11-13 May 2021
DARLING HARBOUR, ICC SYDNEY

Turning the page on ‘Made in China’

China’s shifting economic priorities are set to re-shape its construction industry.

If you’re keen to understand how China’s construction industry might evolve in the next few years, you should first look at the Chinese central government’s broad plan for the country’s economy.

Until recently, two main endeavours drove the economy in China: firstly, the labour-intensive manufacture of cheap goods for export; and secondly, domestic city building to accommodate a growing and urbanising population.

But, in 2015, the government changed course. It issued the ‘Made in China 2025’ strategic document, which laid out plans to move away from the ‘cheaply-made Chinese’ stereotype and start manufacturing higher-value products, such as advanced electronics.

“In previous decades, the Chinese economy benefited from its very large population,” explains Dr Xiao Han, a member of the Centre for Contemporary Chinese Studies at the University of Melbourne. “China had the opportunity to develop a lot of labour-intensive manufacturing industries. But now, the Chinese population is ageing, and the government is concerned. It wants to move up the global value chain and achieve more with fewer workers.”

This move away from mass production towards more specialised manufacturing means smaller factories and, therefore, less new commercial construction. At the same time, a slowdown in population growth has prompted the Chinese government to stop building new ‘megacities’ and to curtail other large projects.

According to the US Department of Commerce: “China is looking to shift away from large scale infrastructure projects toward more locally oriented projects, such as water supply and treatment plants, road improvements, urban metro systems, and public parks.”

The government’s new priorities are expected to constrain China’s construction industry in the years ahead. The US Department of Commerce is forecasting annual average growth in the construction industry of 5 per cent in real terms between 2019 and 2023, compared with the 9.9 per cent annual average recorded from 2008-2017.

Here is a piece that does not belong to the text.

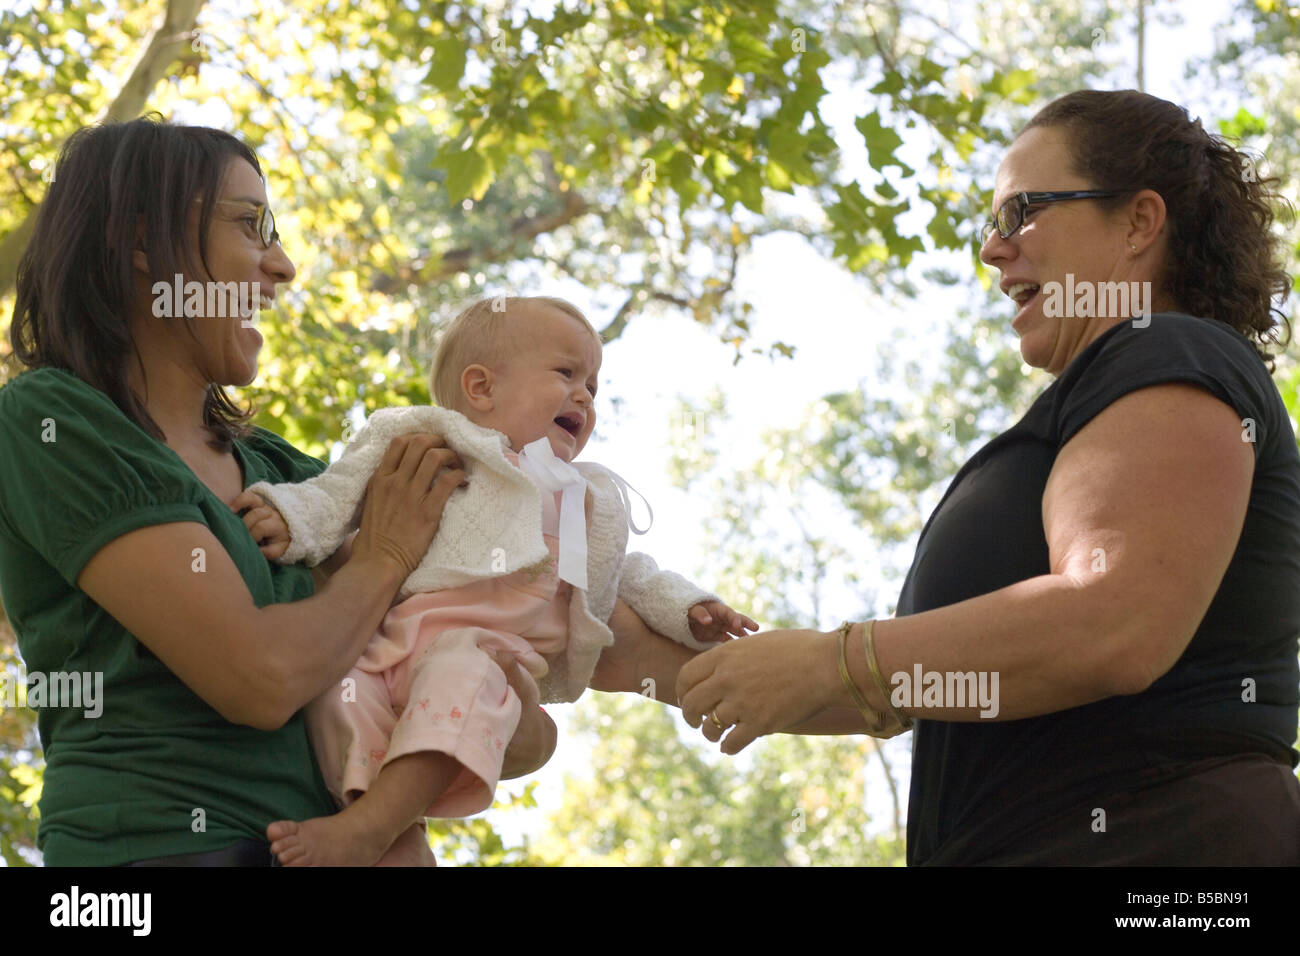 baby girl crying in fear when stranger attempts to hold her, outdoors, southwestern united states Stock Photo

And much of that growth may come from exports rather than domestic construction. According to International Construction, a growing number of China-based Original Equipment Manufacturers (OEMs) are now focusing on overseas markets to maintain expansion in the face of the slowdown at home.

One major OEM, Shantui, recently told International Construction it was hoping to double its exports within 12 months. “[In 2018] we sold around US$200 million for export,” said Chang Yang, general manager of Shantui overseas. “This year we are targeting sales of US$400 million.”

China’s export aspirations will mean more choice for Australian builders and developers, as the Chinese try to crack our market through events such as ChinaBuild.

Another indicator China wants to become more involved in non-domestic construction is its ongoing Belt and Road Initiative (BRI): a strategic plan that involves funding land and maritime transport infrastructure projects that connect China with Asia, Europe and Africa. Future BRI projects could be built using equipment and products manufactured by China’s domestic construction industry.

“So far, these projects have been built using the best-priced materials and equipment available, mostly from local or the closest foreign markets,” says Dr Han. “But there is room for Chinese companies – particularly hi-tech ones – to bid for these tenders.”